> [WHAT IS EXPECTED]:
Leaving out all pictures, transcribe exactly the lines between the line with "light grey rug" and the last line of the records below, both included.

> [RECORDS SHOWN]:
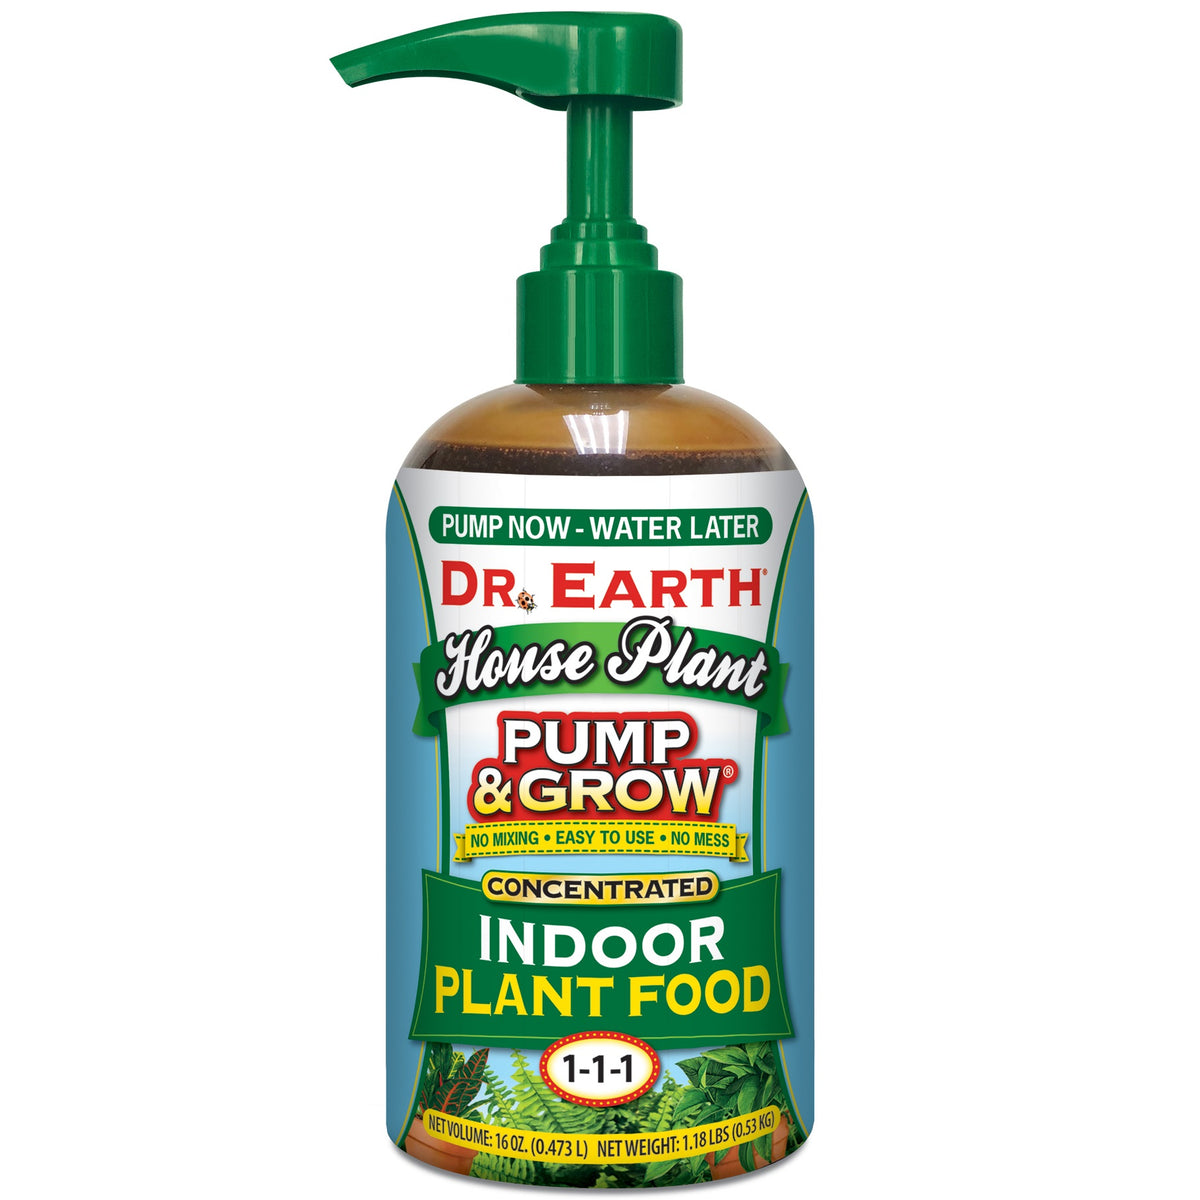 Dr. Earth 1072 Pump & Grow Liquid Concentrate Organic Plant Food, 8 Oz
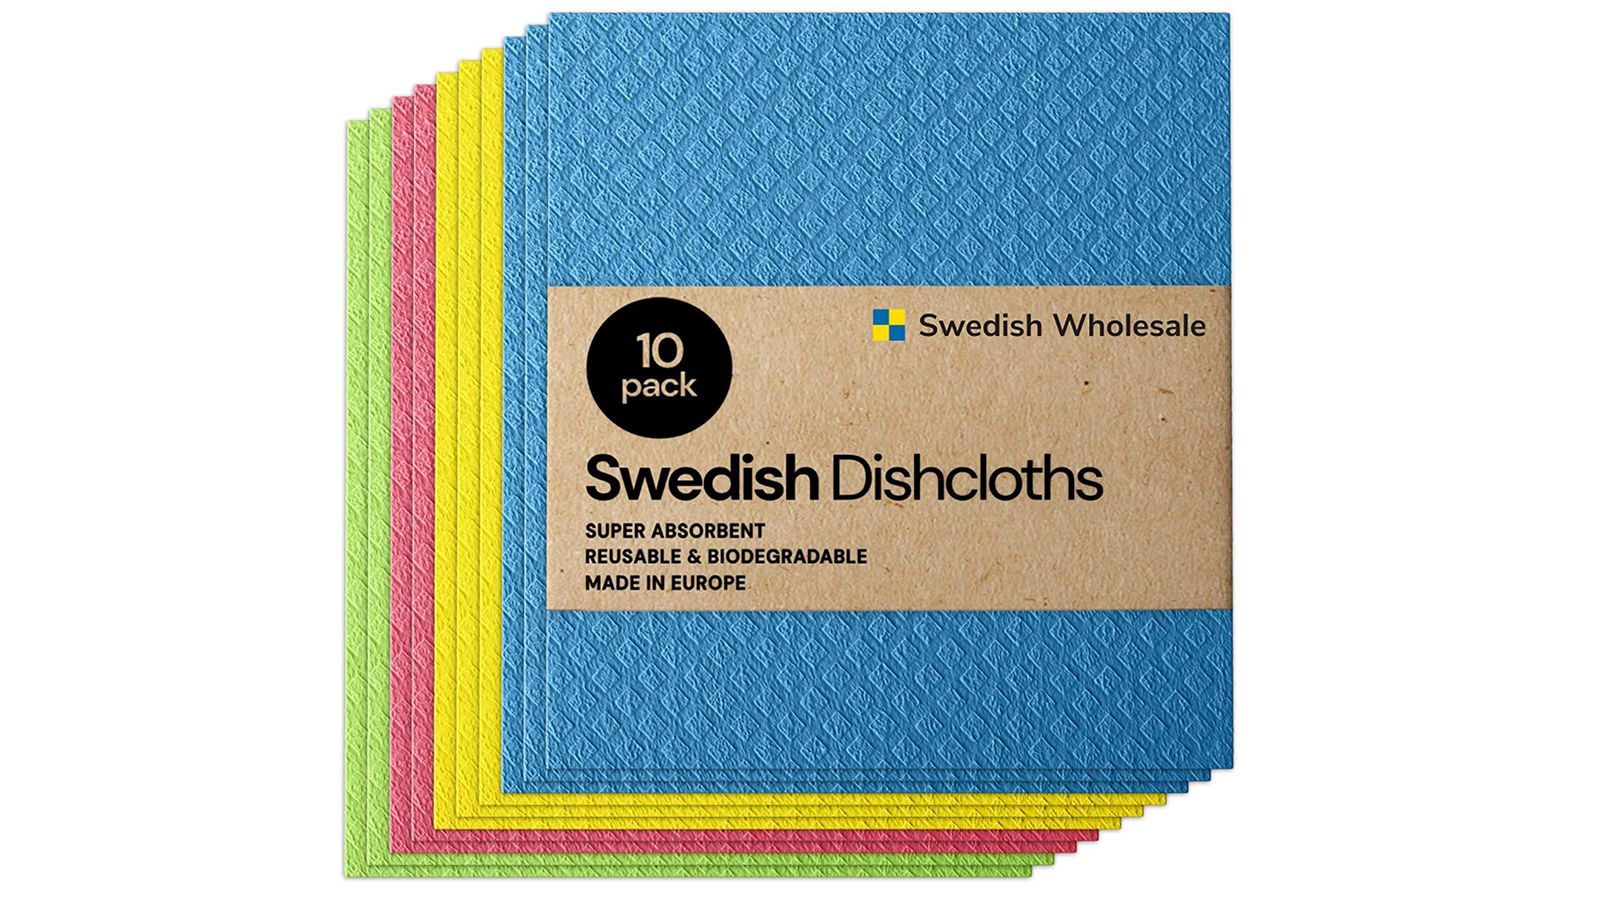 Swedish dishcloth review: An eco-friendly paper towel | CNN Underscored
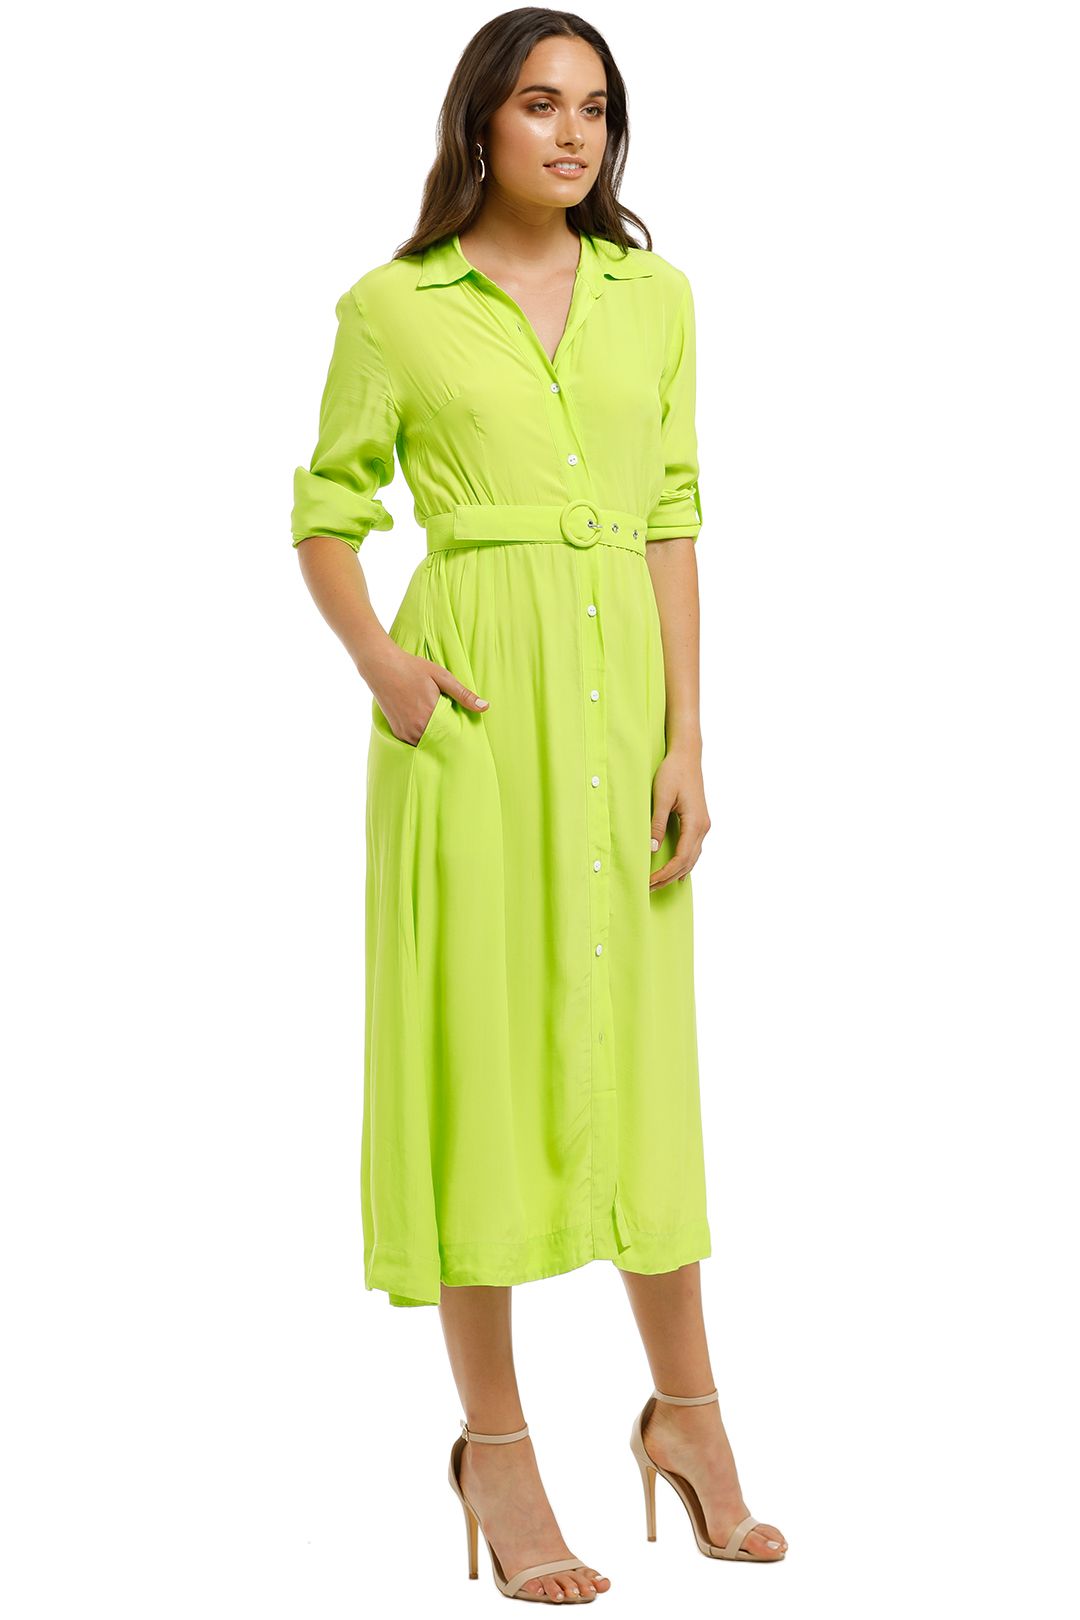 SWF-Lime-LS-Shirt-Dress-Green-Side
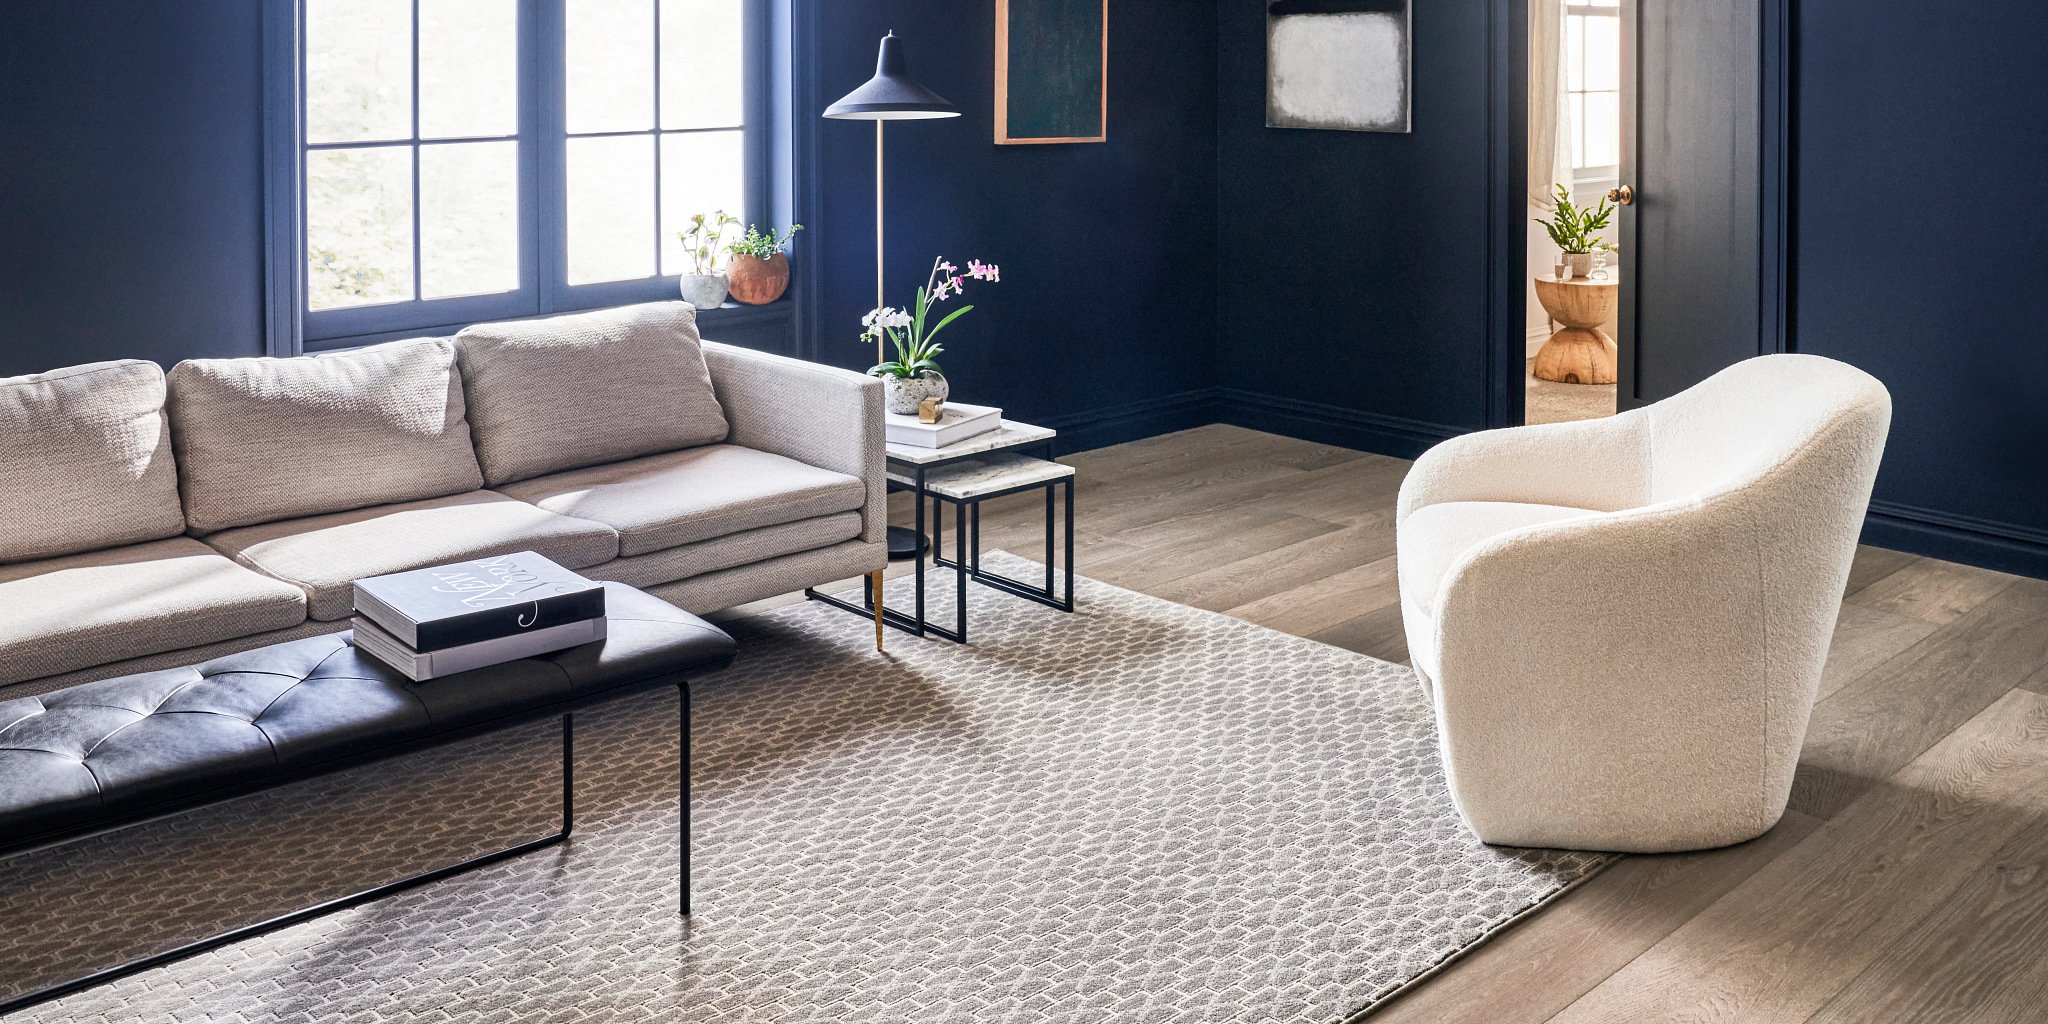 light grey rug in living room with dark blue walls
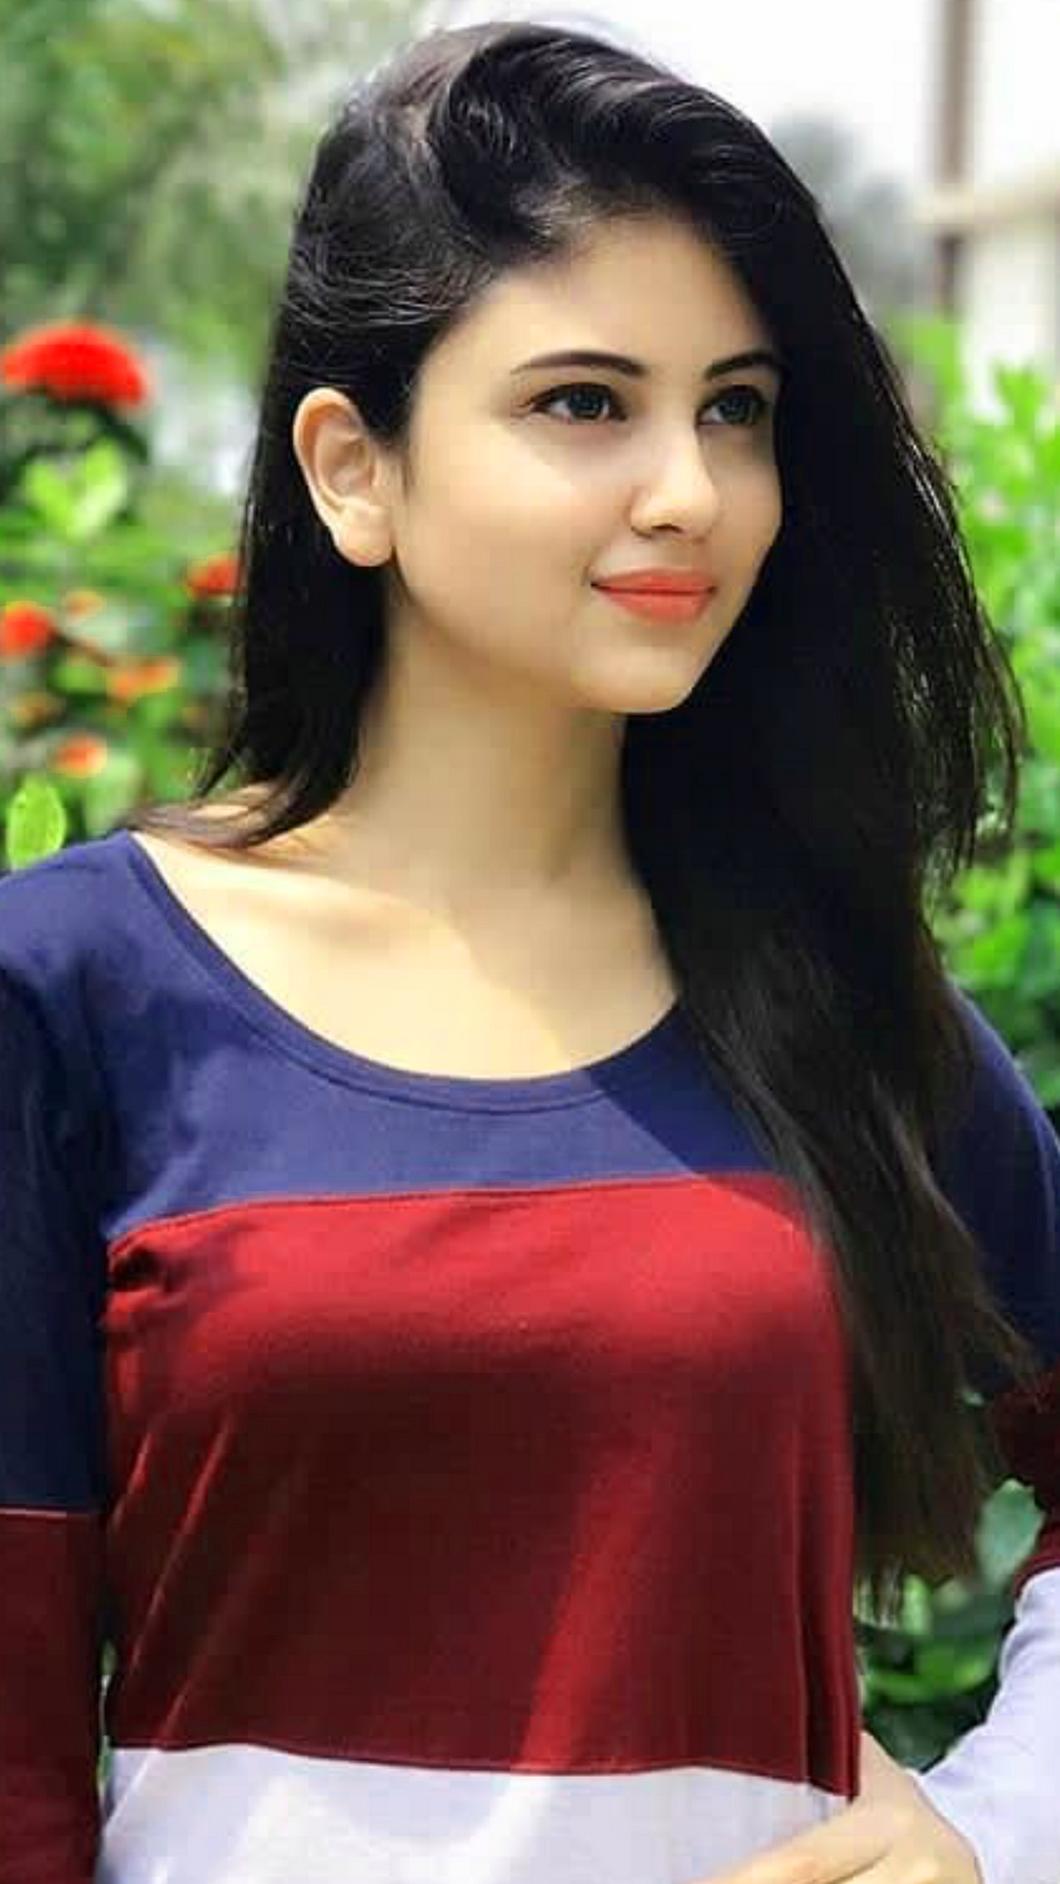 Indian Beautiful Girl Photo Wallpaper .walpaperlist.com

> [WRITTEN RESPONSE]:
 light grey rug in living room with dark blue walls
 Indian Beautiful Girl Photo Wallpaper .walpaperlist.com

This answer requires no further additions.